In the lead up to the Space Council, the European Commission produced an April paper on space policy which outlined 12 key actions for European policymakers, including new research and development projects, coordinating EU member state programs and developing a joint strategy for international relations in space. An impact assessment accompanying the paper described the importance and size of the European space industry, including satellite applications, launch vehicles and space science and stressed that the manufacturing and service industries need a stable and clear regulatory framework — a message that cannot be repeated too often!

This impact assessment also dubbed Galileo “the first flagship of the European Space Policy.”
But the satellite navigation program has been troubled since its launch in April 2001. The framework for Galileo was to be a “public-private partnership” involving a consortium of private European companies. Public institutions have invested 2.5 billion euros ($3.4 billion) in development since the program’s inception, with the consortium in charge of development expected to fund two-thirds of the cost and recoup its investment by operating the system and charging fees.

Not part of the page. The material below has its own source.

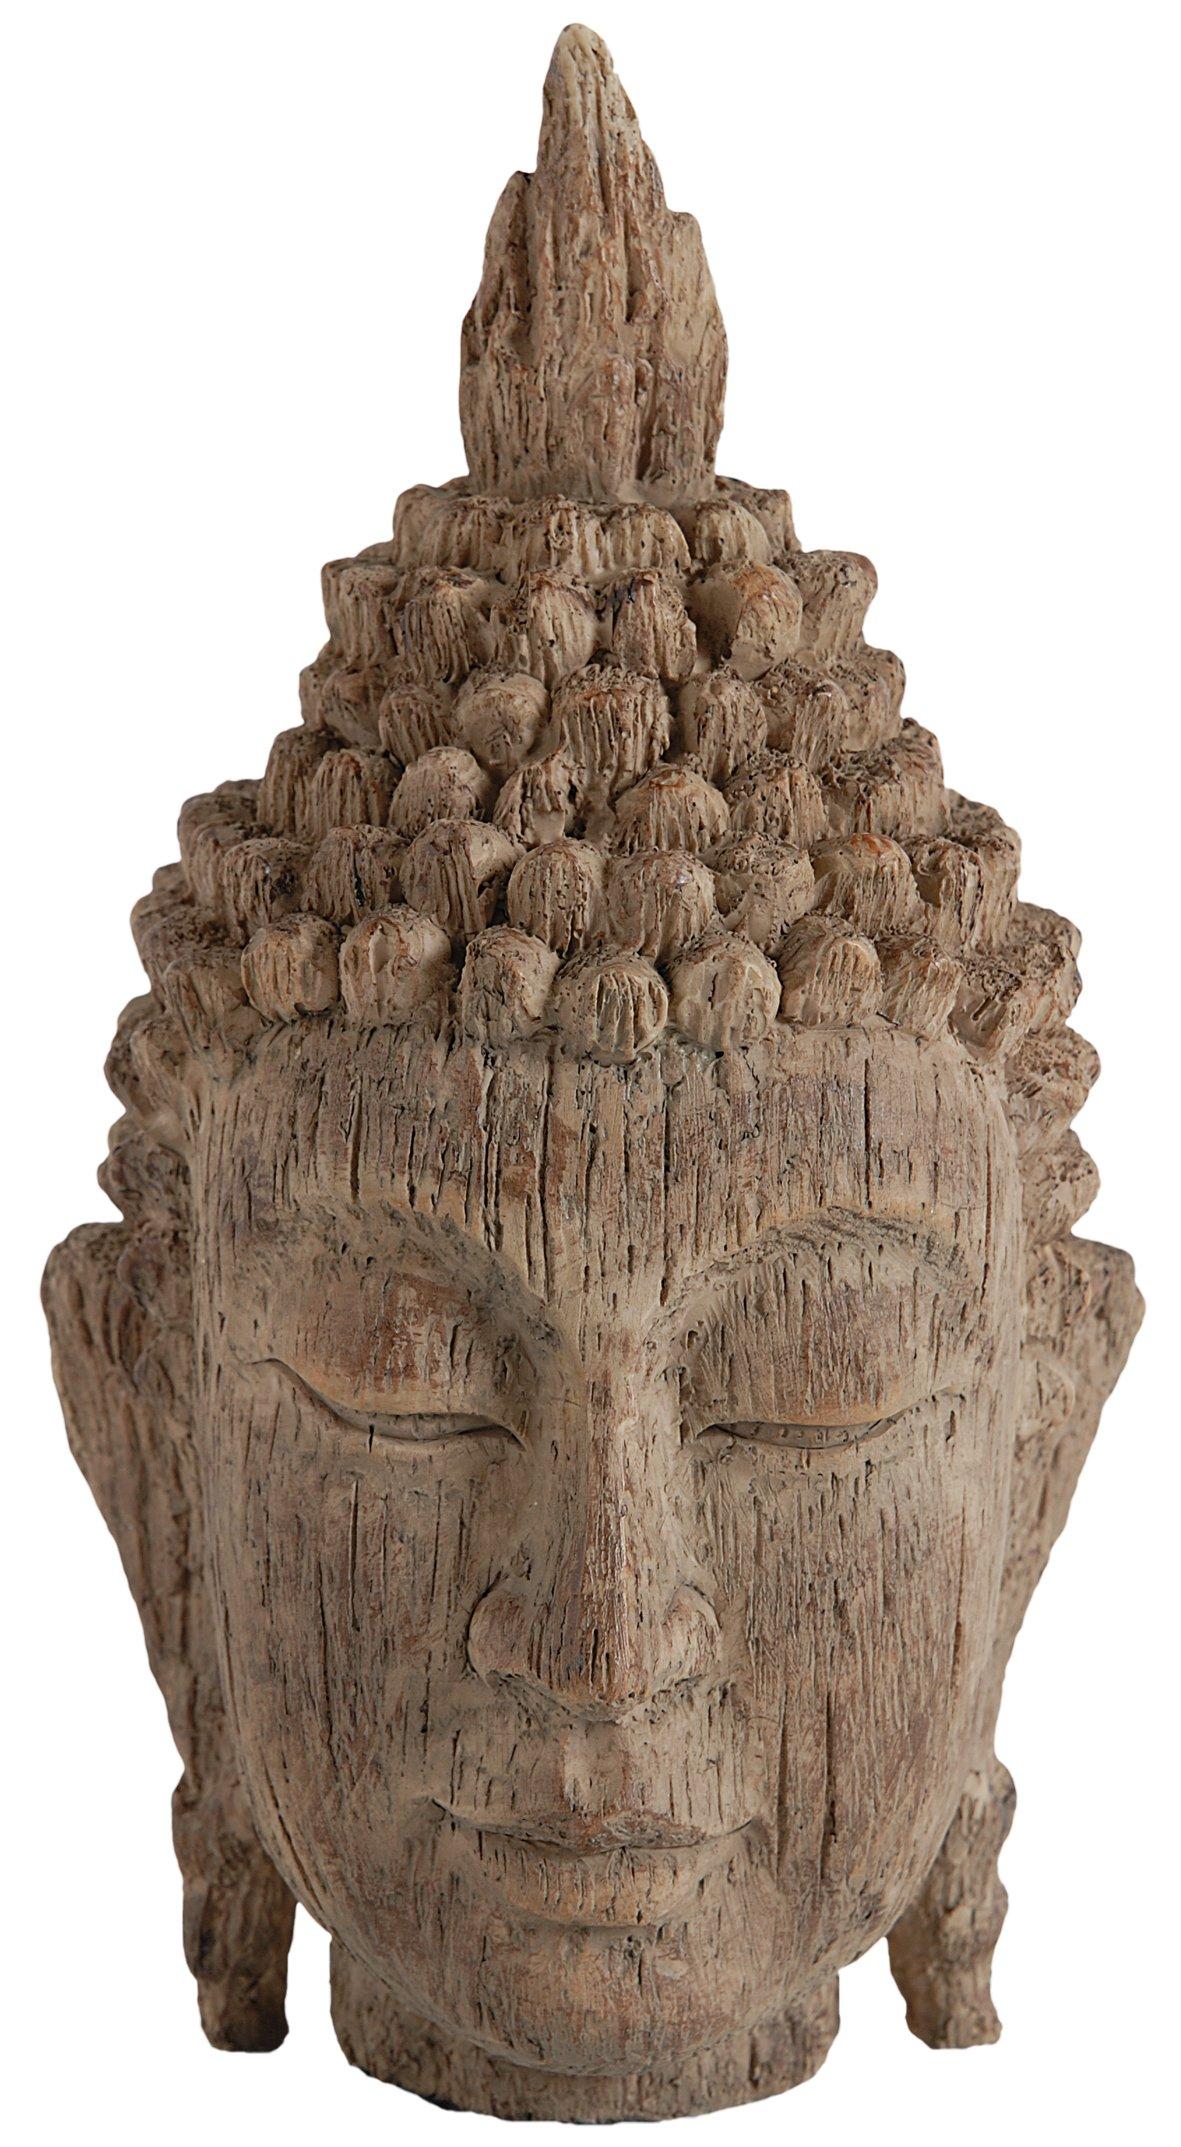 A&B Home 73629 Buddha Head Sculpture, 6.5 by 6.3 by 12-Inch by A&B Home
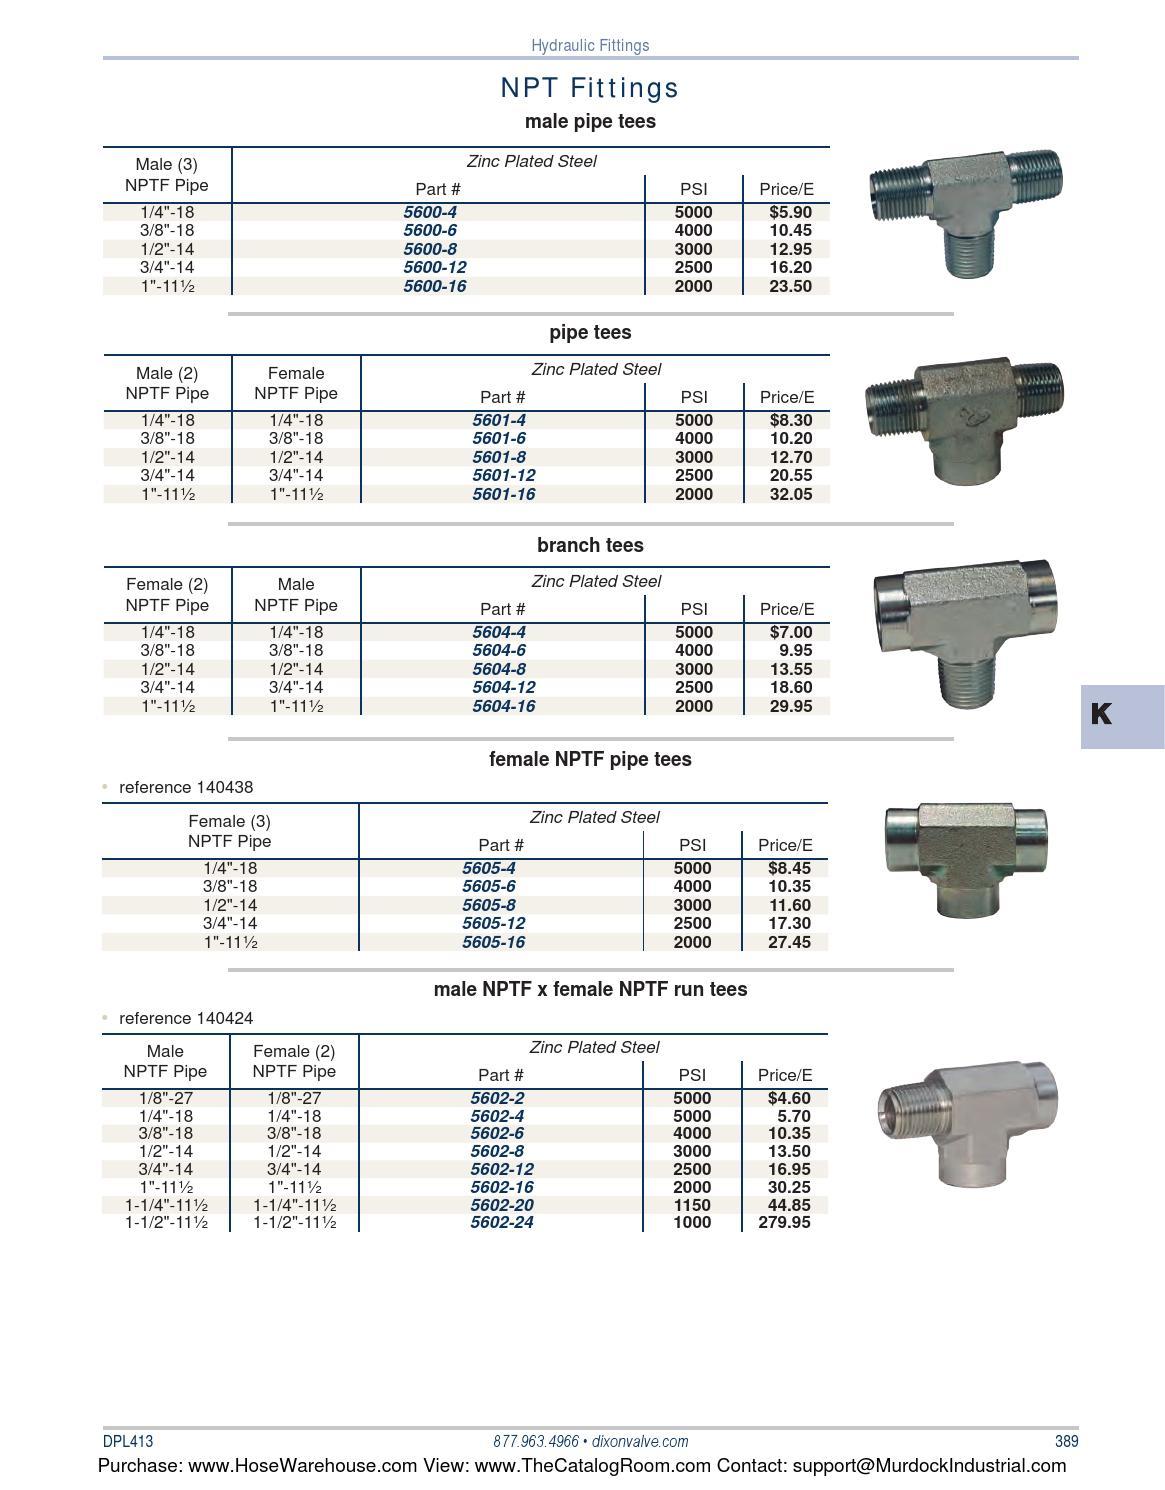 Dixon main catalog 2013 part 2 final by Murdock Industrial

In the short time between the April paper and the 4th Space Council, however, the European Commission was confronted with the need to reassess the entire program. That reassessment, laid out in a May 16 paper entitled “Galileo at a Cross-Road,” was harsh.

The Commission found that the program had accumulated a delay of five years from its initial schedule; development was facing substantial delays and cost overruns; technological complexity had been underestimated; and under current conditions, deployment could not be anticipated before 2014 or later.

The harshest language was directed at the industrial structuring of the program. The current industrial organizations, according to the European Commission, “are neither efficient nor capable of reaching decisions….” In fact, negotiations with the consortium responsible for the private input to the program showed no “credible evidence of a commitment to proceed.”

The European Commission remains convinced that Europe needs its own satellite navigation system to avoid depending on foreign systems, but on the basis of its assessment, the Commission invited the Council and the European Parliament to end negotiations with the industrialists and shift to public funding of the deployment stage. The original technical plan for a 30-satellite constellation should be retained to avoid crippling delays, but now the proposed system would be deployed and owned by the EU, with private involvement in operations beginning in 2010 and full service provision starting by end of 2012.

Substantial questions will remain even with what the European Commission calls the new profile for Galileo. If the EU is to own the system at the outset, new tools for governing the system must be developed. The Commission is talking of public investments of billions of additional euros, which may require new financing mechanisms. And these issues must be juggled as the program continues toward the 2012 target date.

The resolution that came from the 4th Space Council does not respond to the May paper, which was issued less than a week before the Council meeting. Instead, the resolution from the meeting contains a fairly bland statement supporting joint efforts of European institutions, ESA and industry to establish a “commercially sustainable global civil navigation satellite system under European civil control.” Galileo is mentioned by name a few additional times, but it is not a focus and no longer appears to be a first flagship.

Europe now has a space policy but needs to revamp and redefine what was to be the first element of that policy.